Verifiable, Control-Oriented Learning On The Fly
A collaborative project supported by the Department of Defense and coordinated by Air Force Office of Scientific Research.
- University of Texas at Austin: Arie Israel (Math), Ufuk Topcu (Aero) and Rachel Ward (Math)
- Princeton University: Amir Ali Ahmadi (OR), Charles Fefferman (Math) and Clancey Rowley (MAE)
- Northeastern University: Mario Sznaier (ECE)
Objective: The objective of this project is to develop a theoretical and algorithmic foundation for run-time learning and control of physical, autonomous systems. The resulting algorithms will
- adapt to unforeseen, possibly abrupt changes in the system and its environment;
- establish verifiable guarantees---in a sense to be precisely defined---with respect to high-level safety and performance specifications; and
- obey and leverage the laws of physics and contextual knowledge.
Approach: At a high level, the proposed approach treats the (limited) data that the system generates and the existing side information as the first-class objects of control-oriented learning. Such side information includes the physical laws that the system obeys, the context in which it serves, and the structure in its mathematical representation.

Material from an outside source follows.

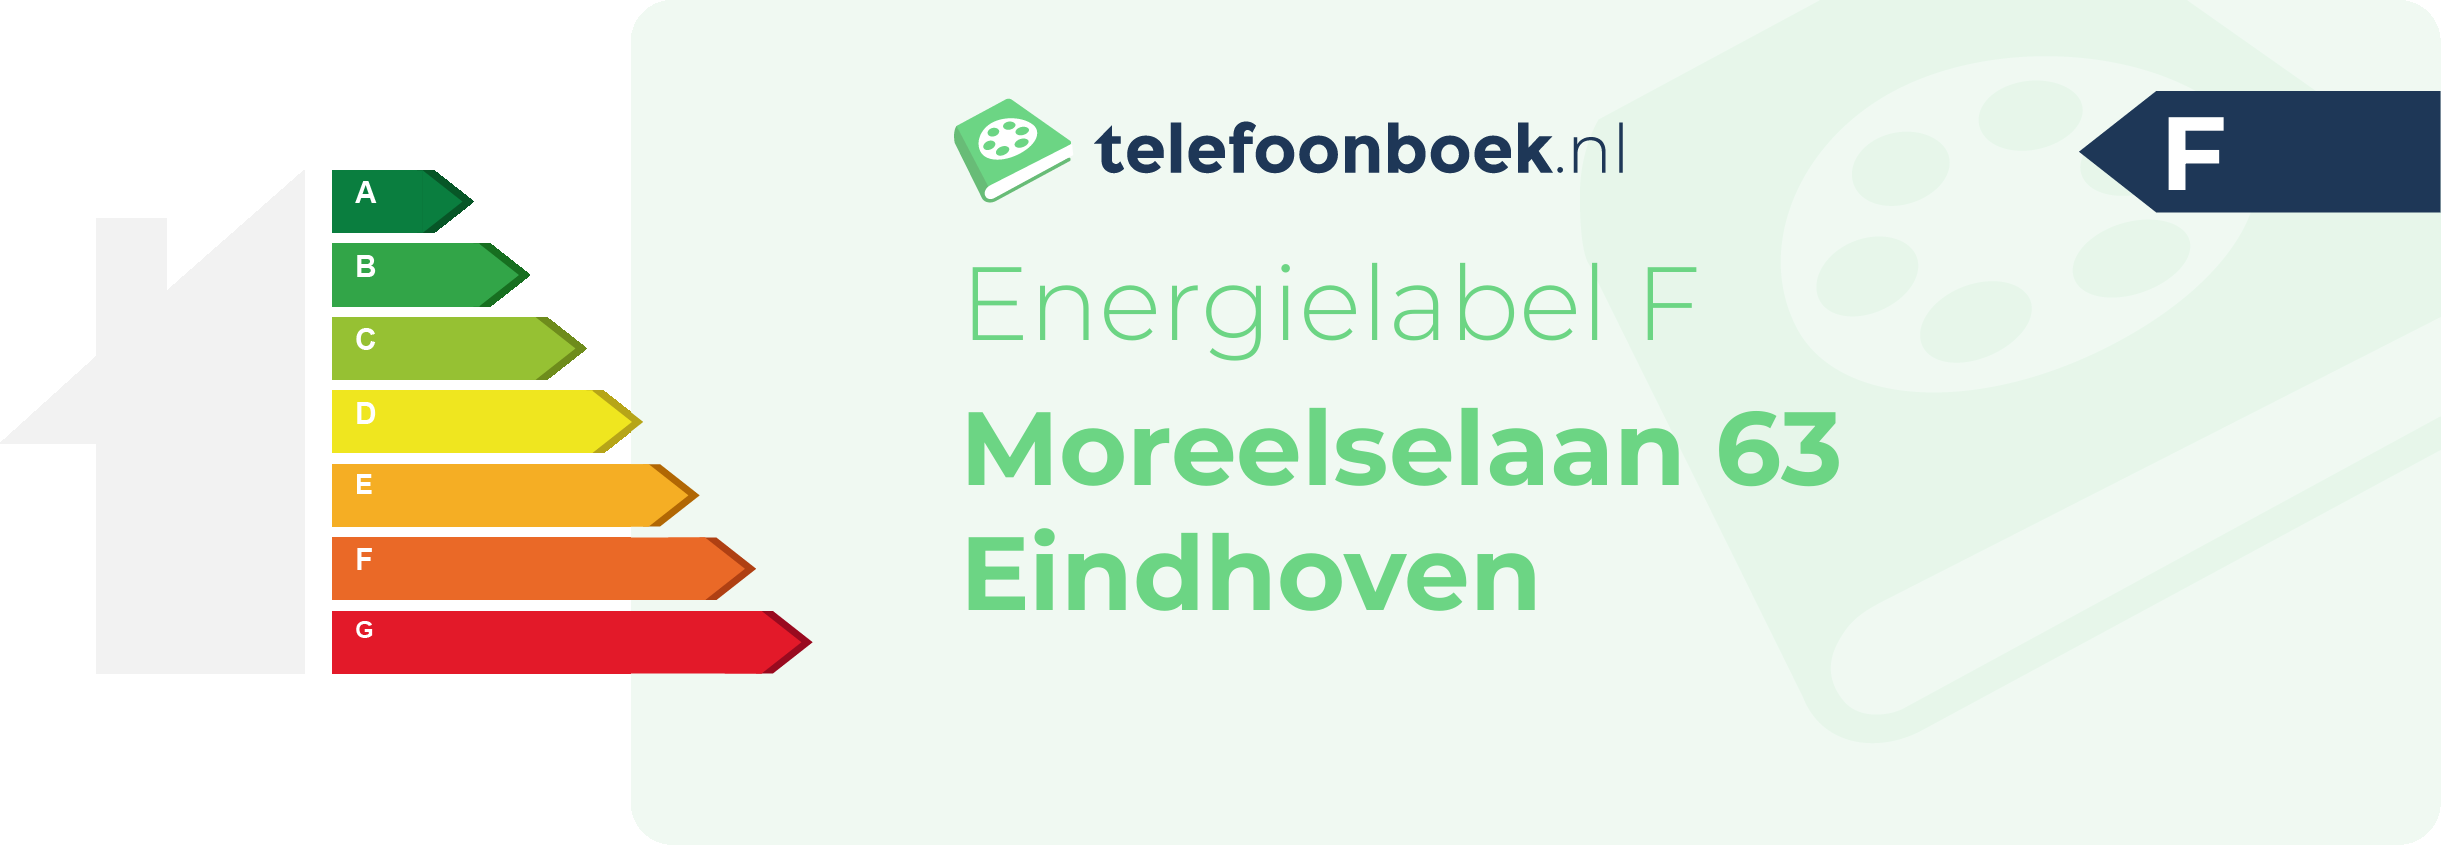 Energielabel Moreelselaan 63 Eindhoven

The approach also embraces the fact that developing truly autonomous systems—and, in particular, control-oriented learning on the fly—is beyond the reach of any single discipline. It distills ideas from (and in many cases discovers novel extensions of) a number of conventionally disparate disciplines, and composes them in a unified foundation.

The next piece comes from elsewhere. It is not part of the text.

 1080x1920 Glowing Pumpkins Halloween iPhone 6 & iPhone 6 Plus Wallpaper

Research thrusts: The proposed research plan relies on a composition of learning, verification and synthesis (its three main thrusts respectively). The outcomes of these thrusts complement each other toward developing verifiable functionality for control-oriented learning on the fly. The back-end Computation Engine will provide cross-cutting, efficient optimization algorithms addressing the needs of all thrusts. All three thrusts build on a common working principle supported by the front-end Constraint Engine, which systematically integrates data and side information for the utilization of our control-oriented learning algorithms.